The Zambia central bank's Vision and Mission statements are as follows:
In colonial times, the Bank of Rhodesia and Nyasaland, established in 1956, catered for the banking needs of Northern and Southern Rhodesia (Zambia and Zimbabwe) and Nyasaland (Malawi). When the bank broke up as a result of the disintegration of the Federation of Rhodesia and Nyasaland on the 31st of December 1963, the Bank of Northern Rhodesia, the fore runner to BoZ, was created in its place. The Bank of Northern Rhodesia had all the powers of a central bank vested in it.
When the central bank was established in 1964, it soon underwent tremendous growth. The growth and expansion of the central bank lead to the development of bank premises like the head office in Lusaka which opened in 1975 and the regional office in Ndola which opened in 1979. New Buildings were later annexed to the Lusaka and Ndola buildings. The central bank acquired stakes in the Development Bank of Zambia (DBZ) and in the Zambia National Commercial Bank (ZANACO).

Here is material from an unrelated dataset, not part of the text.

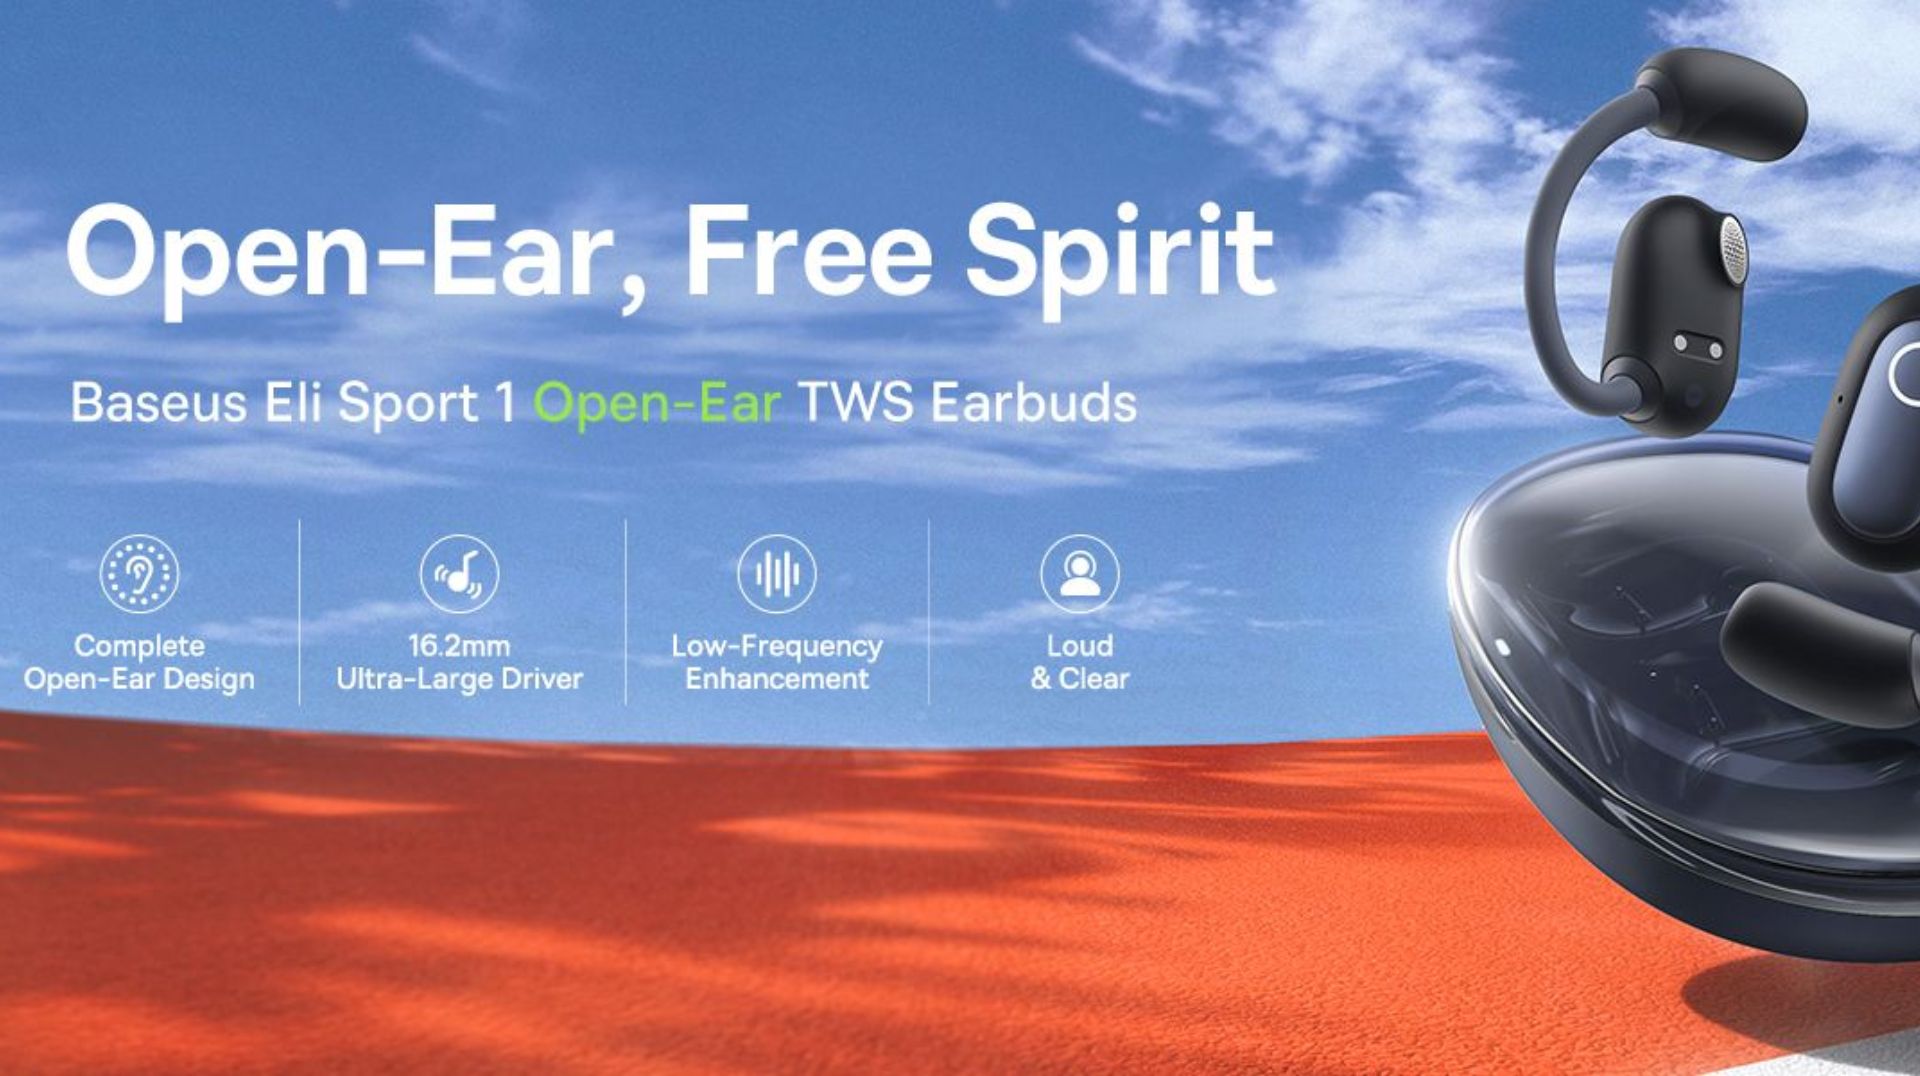 Baseus Eli Sport 1 Open-Ear TWS Earbuds Wireless

The Role of the bank was to maintain a stable macro-economic environment and the formulation and implementation of monetary policies. The institution is also in charge of responsibilities such as being the banker to the government, the issuer of currency, manager of foreign exchange reserves and controller of commercial banks liquidity.
Macro-economic management in Zambia has not been the same since the MMD government steered the economy towards a free market economy after a change of governments in 1991. Price controls were abolished, as were subsidies on all consumer goods.
The new government's priorities were the restoration of future economic growth and employment in the Zambian economy. Liberalising the economy and allowing market forces a greater role in the allocation of resources was to be the main means of achieving this.
Since 1992, the emphasis has been on creating a stable macro-economic environment as a key to a sustainable economic growth. Although the ultimate economic objective has remained the same, namely growth and employment, it is now generally accepted that investment and subsequently growth, is unlikely to take place if the economy remains characterized by macro-economic instability such as high inflation, shortage of foreign exchange and scarcities of commodities.